Такое не могло остаться безответным.
Бросив весла, он терпеливо ждал. Небеса безмолвствовали…
Не сверху, а снизу готовился сюрприз ему! Внезапно вспенилось все, ударил из пучины, рассыпался водным прахом могучий фонтан, и возникла из пены не Афродита вовсе, прекрасная и вечная… старец восстал, волосатый и глумящийся.
Пошел к нему по воде, аки по суху, руки раскинул, зашелся, отчаянно фальшивя, в жирном речитативе:
«Царит всевластно на земле
Мое учение — могуче.
И „Капитал“ во двух томах
Свершает славно подвиг лучший. Придите все народы мира,
Марксизму славу воспоем!»
И сразу потемнело все, ветер дунул, буревестники закричали, с Капри прилетевши, холодно стало Александру Николаевичу, знобко, закачалася лодка под ним, воды зачерпнула. Схватился он за весла — от беды подальше… едва не утонул в водовороте… вагнеровскую «Гибель богов» слышать стал…

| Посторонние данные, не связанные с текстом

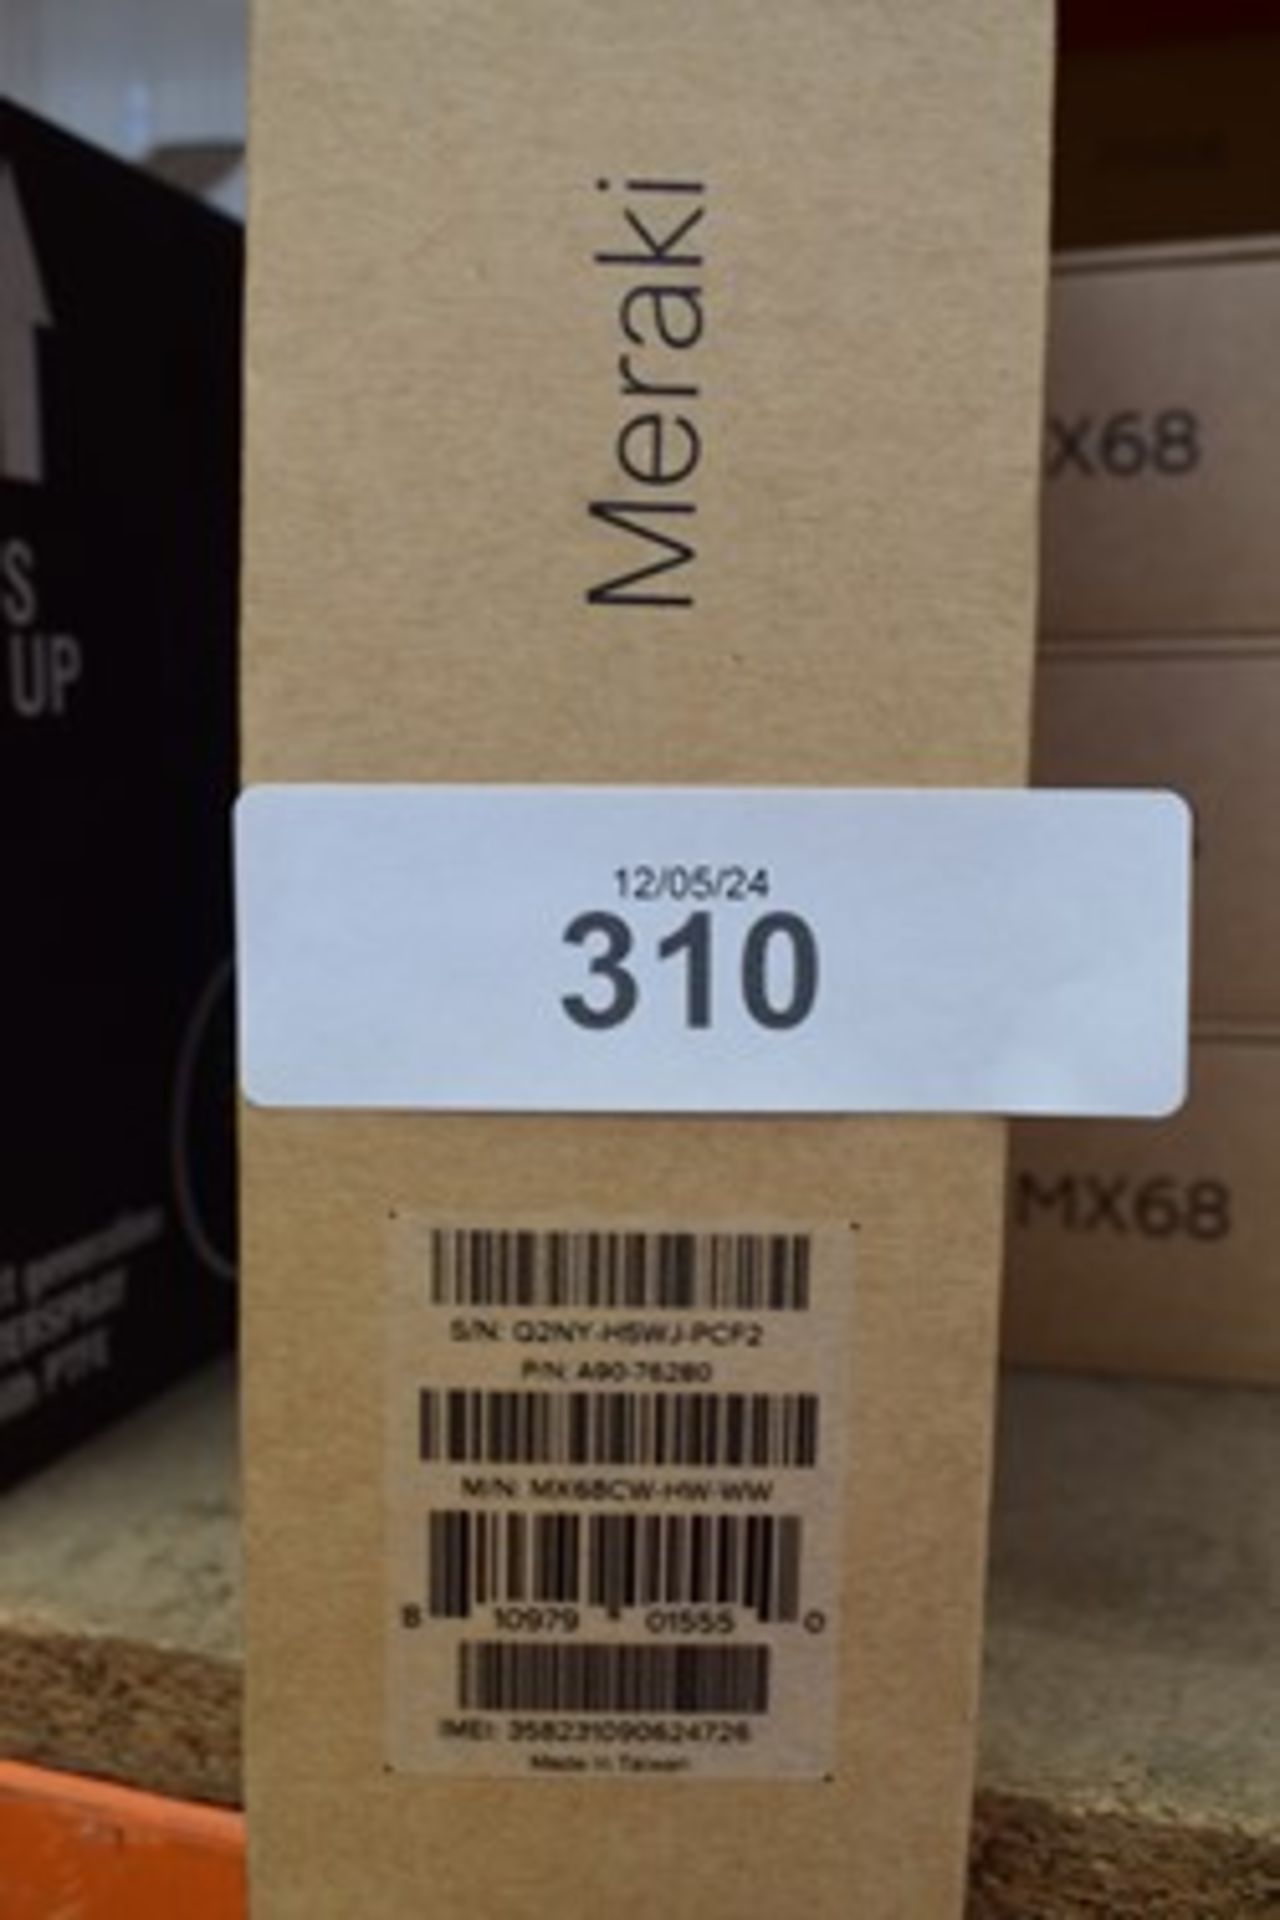 1 x Cisco MX68CW unit, product No: A90-76280 - sealed new in box (C18)

Потом словно порвалось что-то — были царапины, колючие, ломкие… сполохи мертвящей белизны, шипение, треск, страх, кромешный мрак, небытие… и снова музыка, возвращающая жизнь, наивная, чистая, из детства… Иенсен, «Лесные сцены»…

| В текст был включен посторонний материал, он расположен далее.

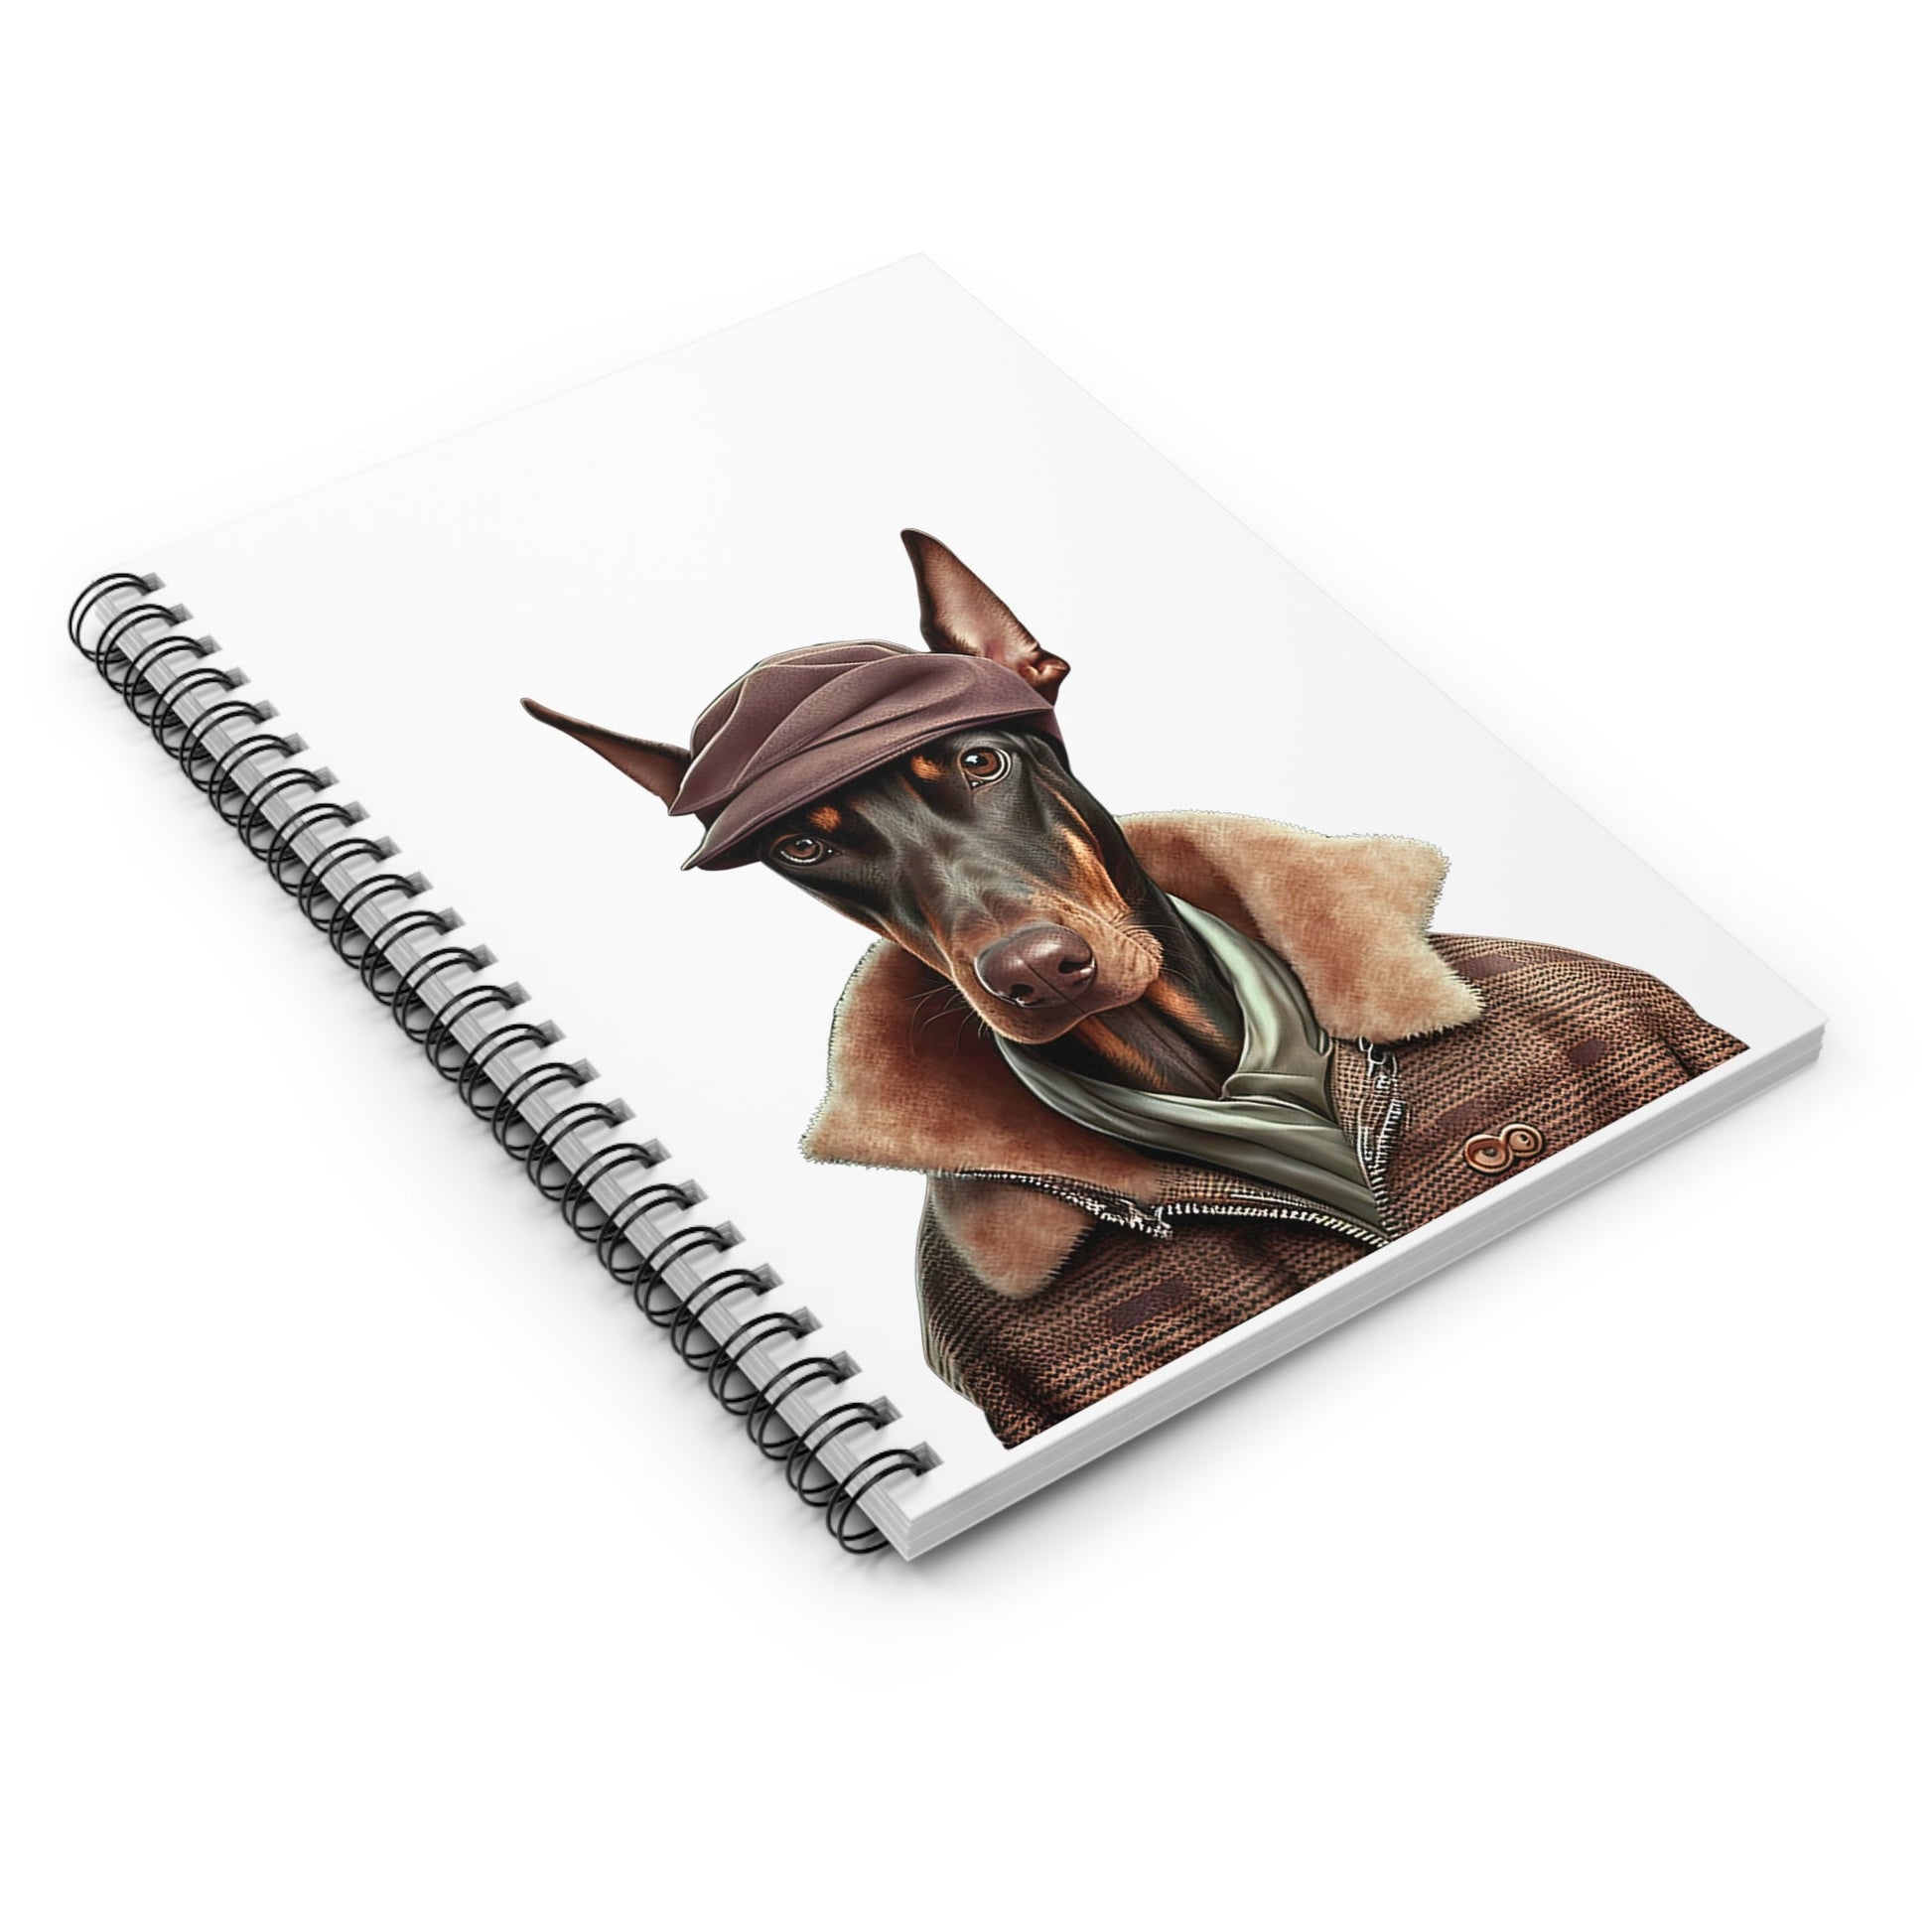 HORACE : Spiral Notebook - Ruled Line - Shaggy Chic

Нет больше обманчиво-плавной реки, по которой плывешь, положась на нее самое, без руля и ветрил. Есть горная гряда (вот верный для него символ!), вершины которой нужно брать самому. Вот высшая цель и высшая радость! Взобраться, спуститься и покорить следующую вершину, еще более высокую! Процесс, вечный процесс! Не достижение, а достигание и вечное преодоление уже достигнутого!